Raw data.
┌──
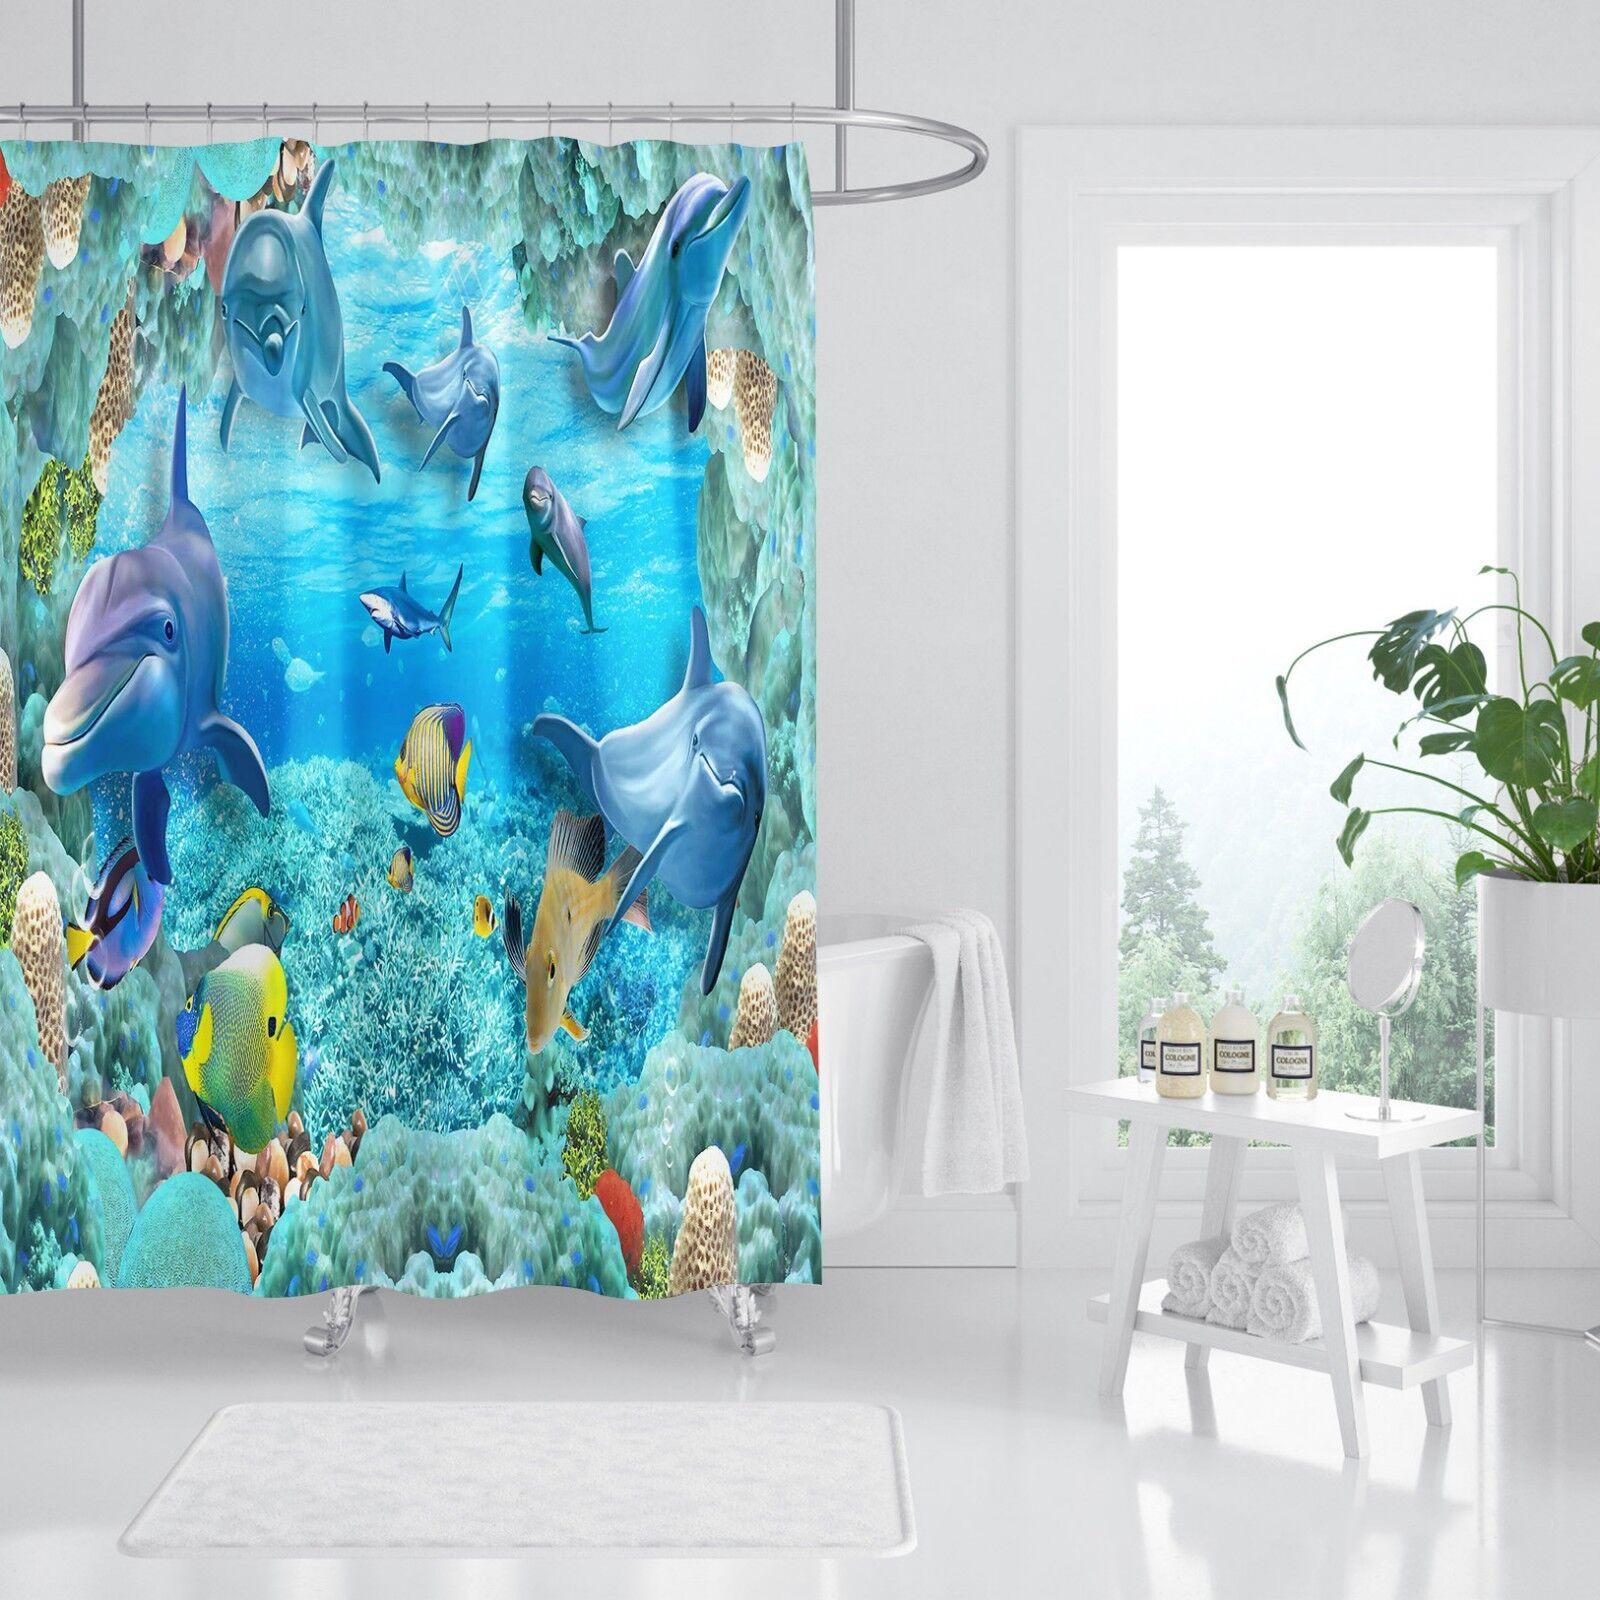 3D Meer Delphin 4 Duschvorhang Wasserdicht Faser Bad Bad Bad Daheim Windows Toilette DE | Bestellung willkommen  d35ef1
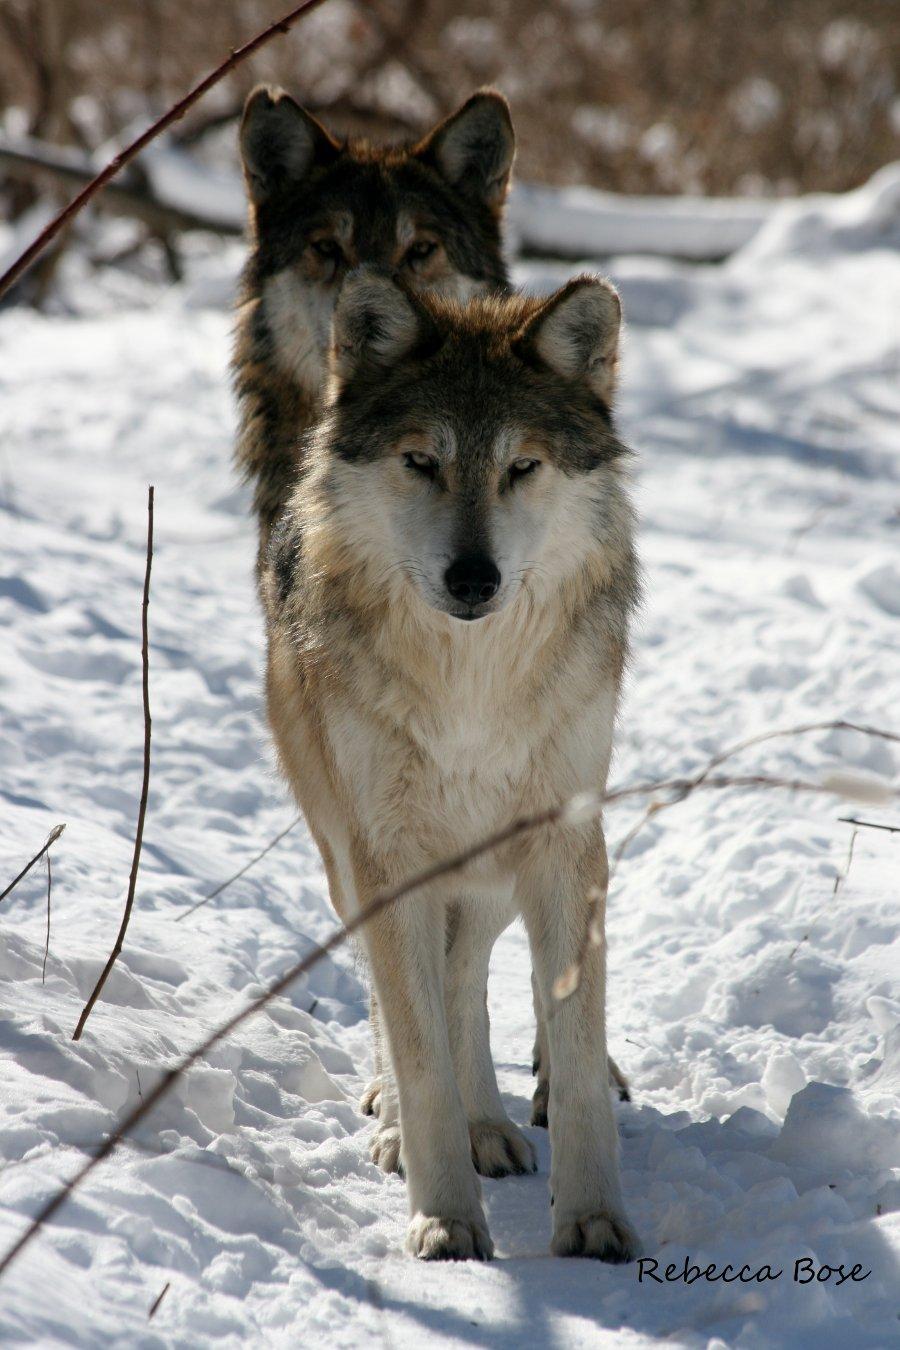 essay extinction of animals
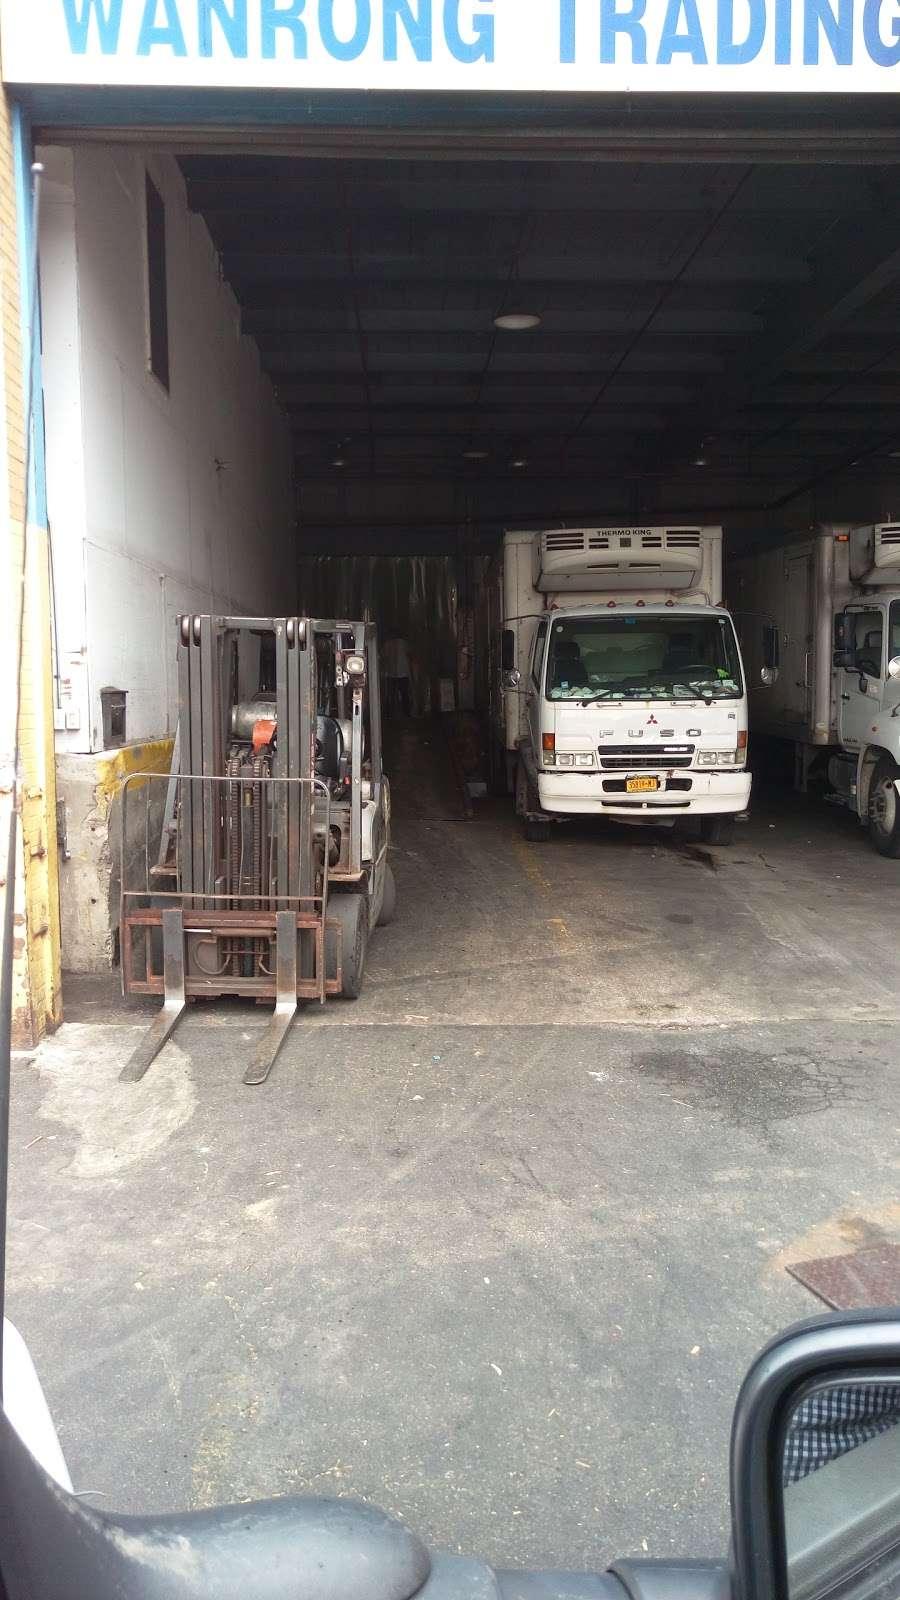 Wanrong Trading Truck Docks - storage  | Photo 2 of 10 | Address: 32-27-, 32-45 Hunters Point Ave, Long Island City, NY 11101, USA | Phone: (718) 361-8882
└──
Activity. Nothing but the pictures should be left out when the material above is copied.

Output of the task.
 3D Meer Delphin 4 Duschvorhang Wasserdicht Faser Bad Bad Bad Daheim Windows Toilette DE | Bestellung willkommen  d35ef1
 essay extinction of animals
 Wanrong Trading Truck Docks - storage  | Photo 2 of 10 | Address: 32-27-, 32-45 Hunters Point Ave, Long Island City, NY 11101, USA | Phone: (718) 361-8882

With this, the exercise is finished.